#### WHAT IS REQUIRED:
Beginning with the line that contains "Luggage courier services", reproduce the remaining lines of the material exactly, up to and including the last one, but no pictures.

#### DATA:
= = =
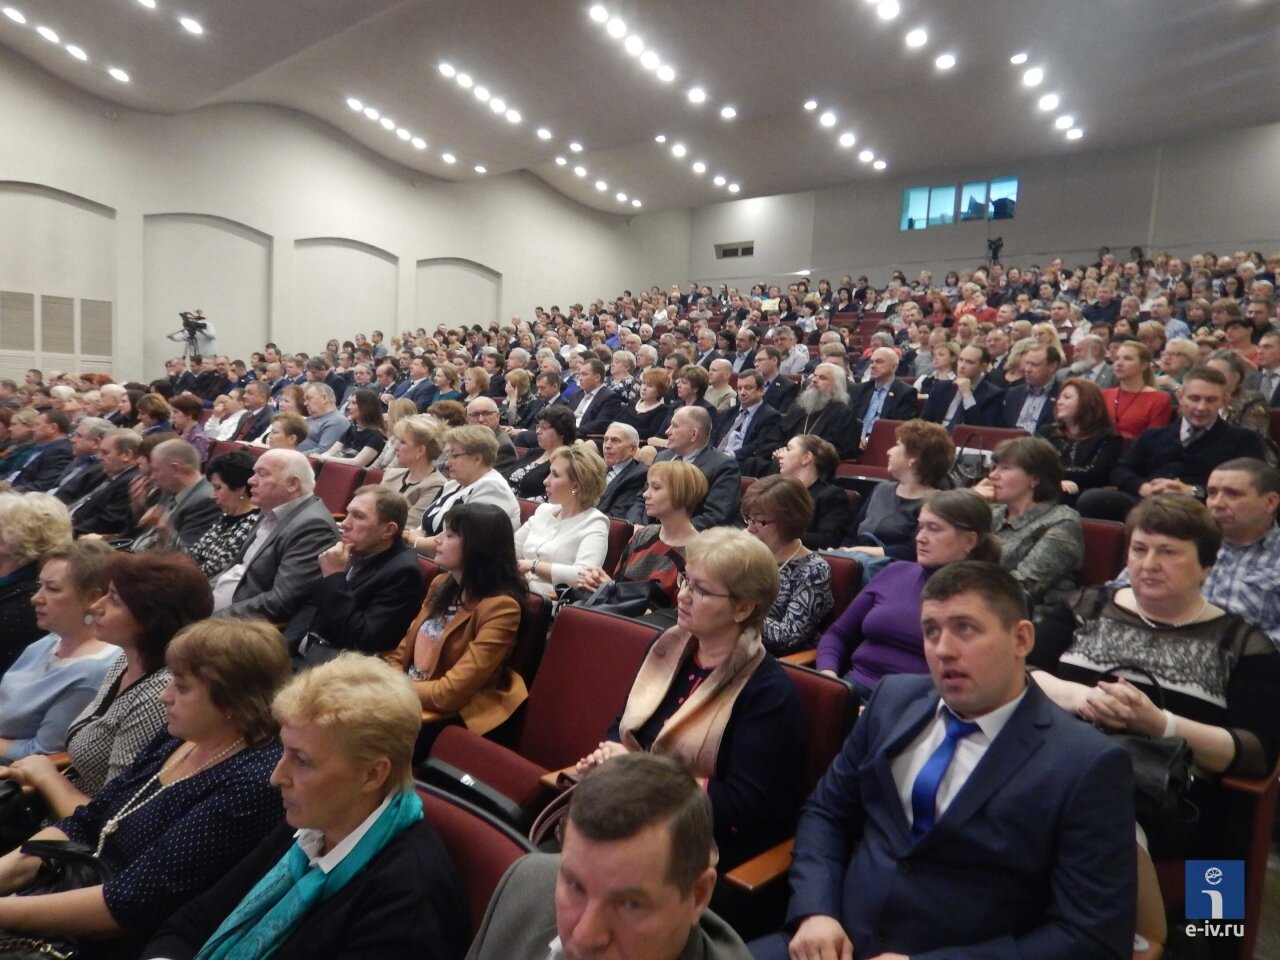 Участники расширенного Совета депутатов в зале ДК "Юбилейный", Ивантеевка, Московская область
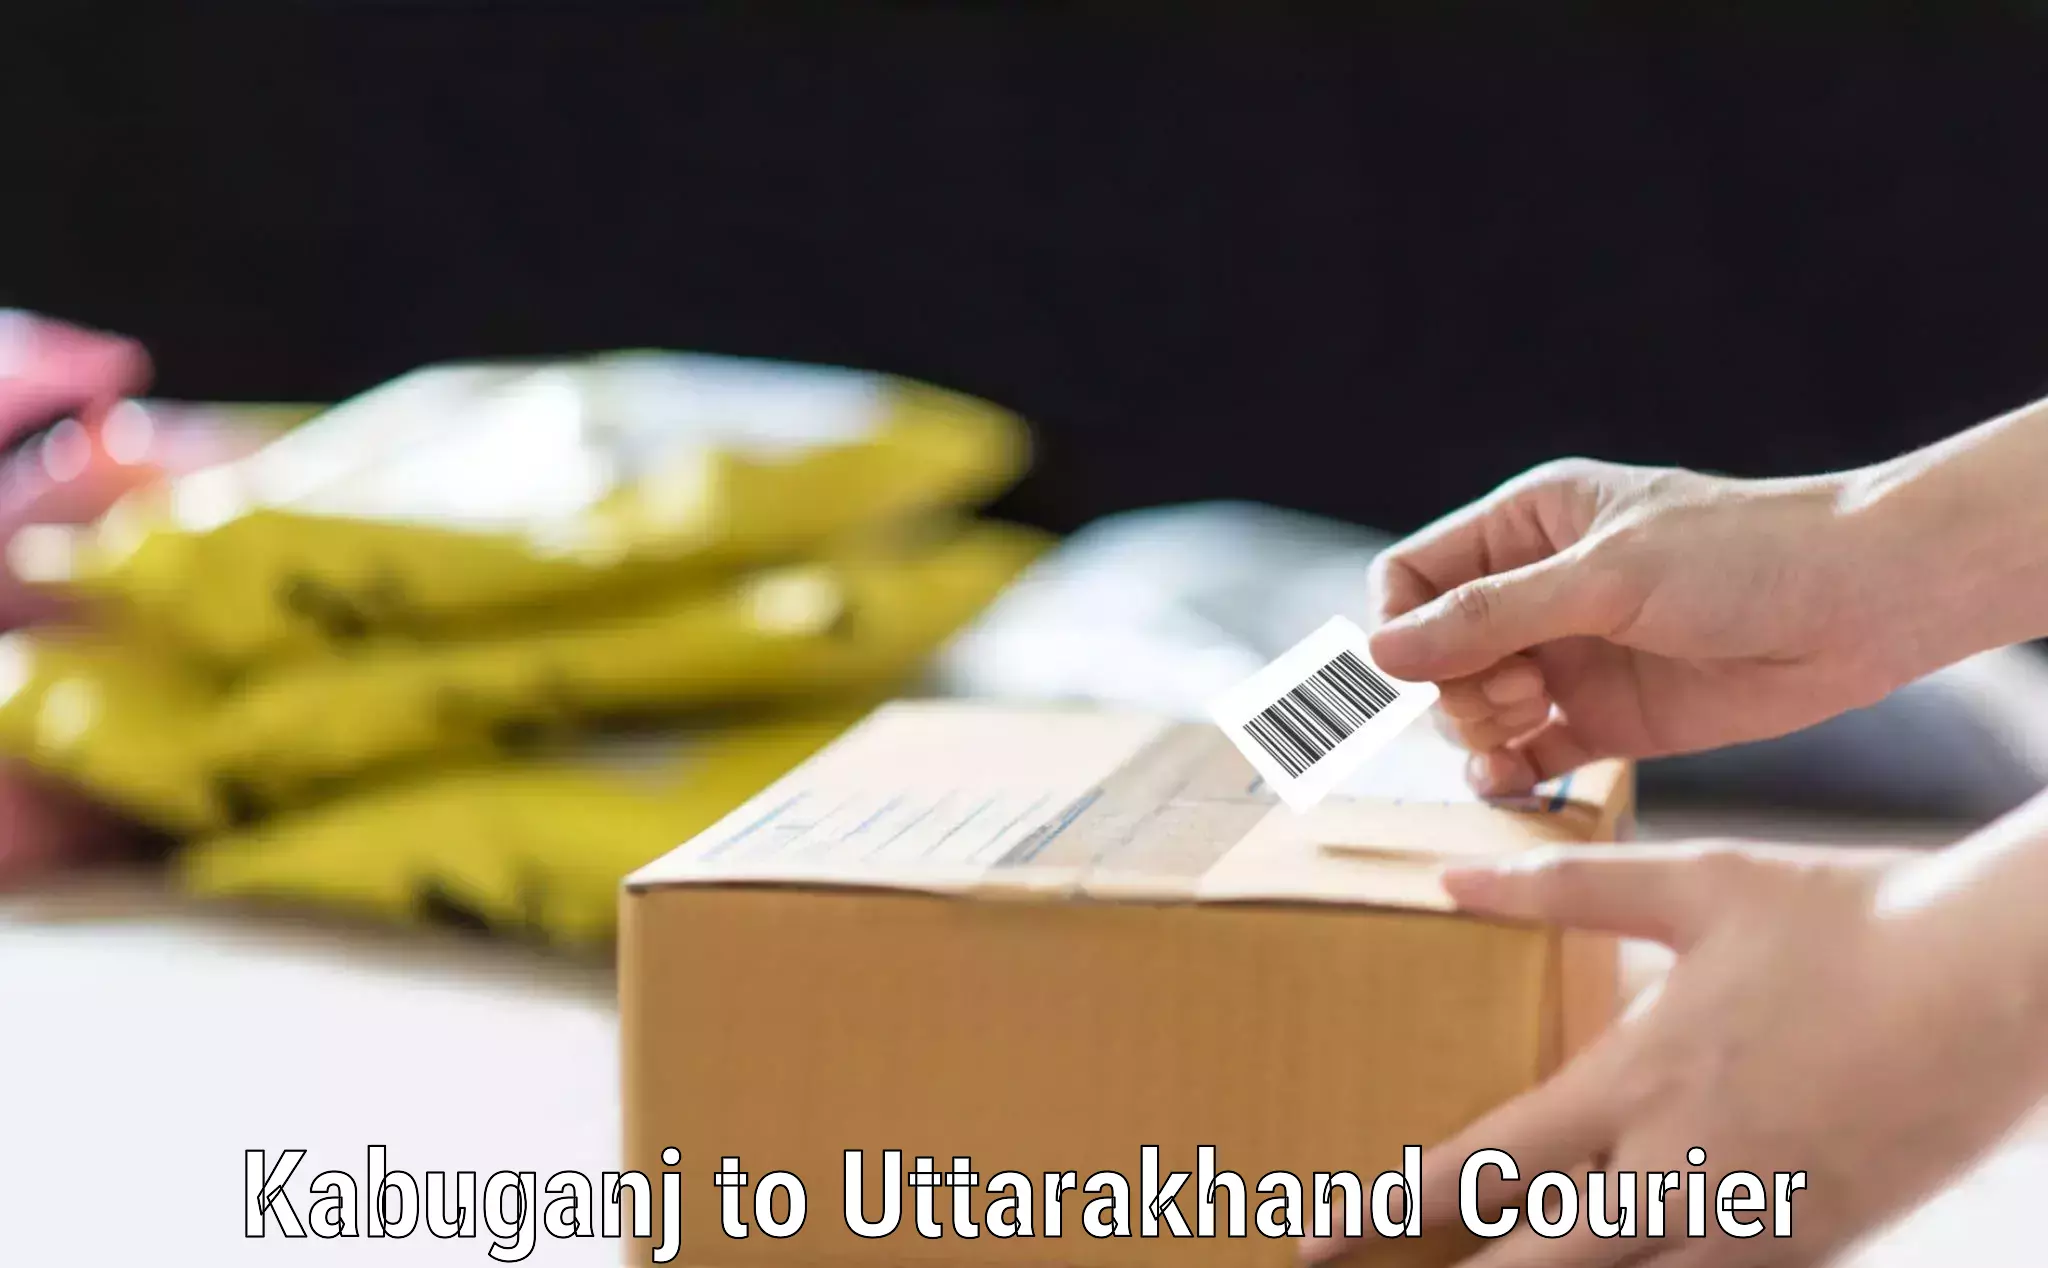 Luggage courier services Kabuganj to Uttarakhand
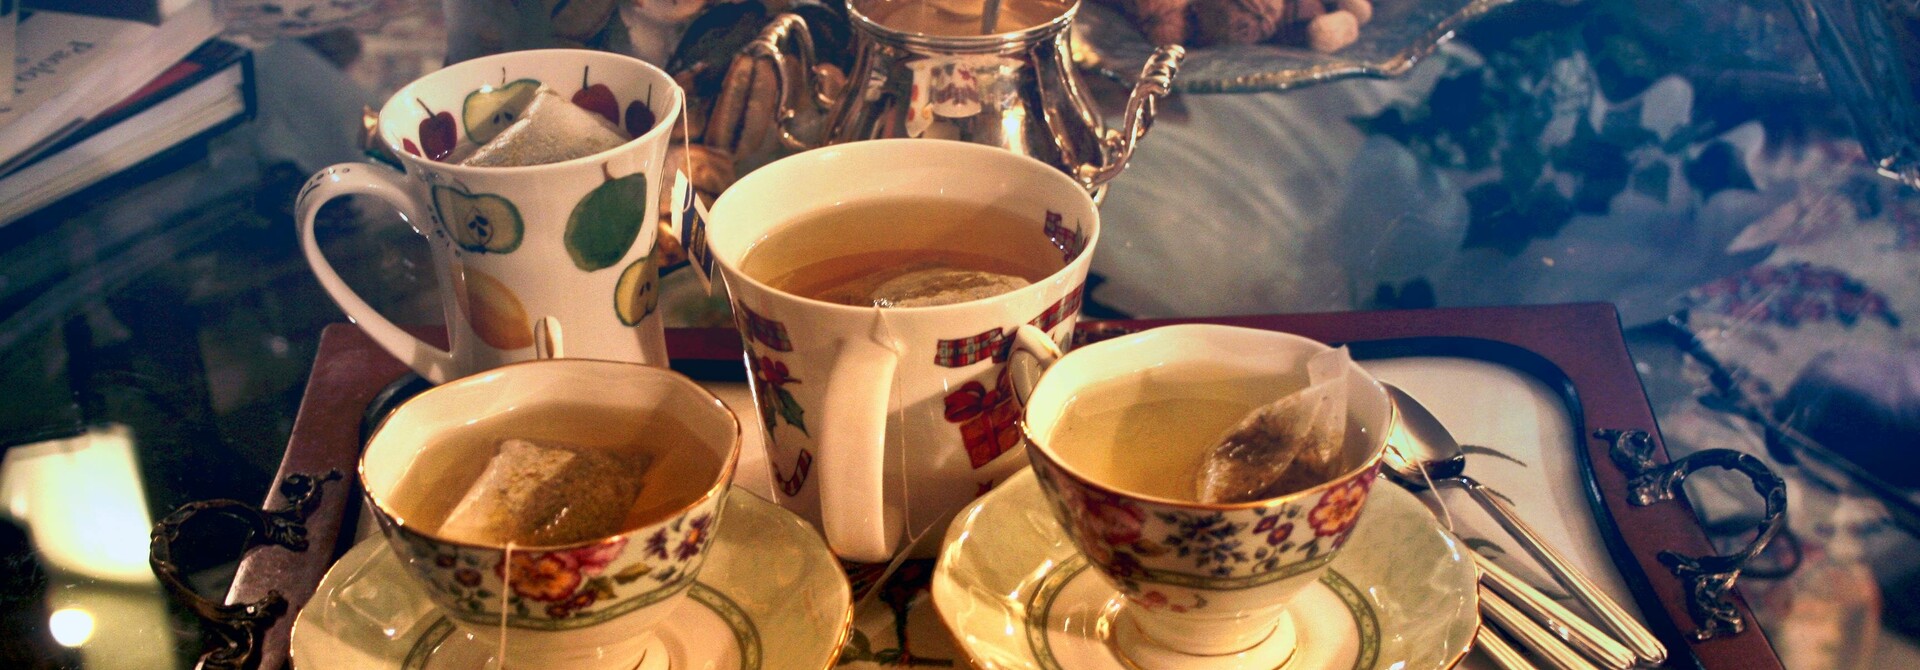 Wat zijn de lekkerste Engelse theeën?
= = =
#### YOUR SOLUTION:
 Luggage courier services Kabuganj to Uttarakhand
 Wat zijn de lekkerste Engelse theeën?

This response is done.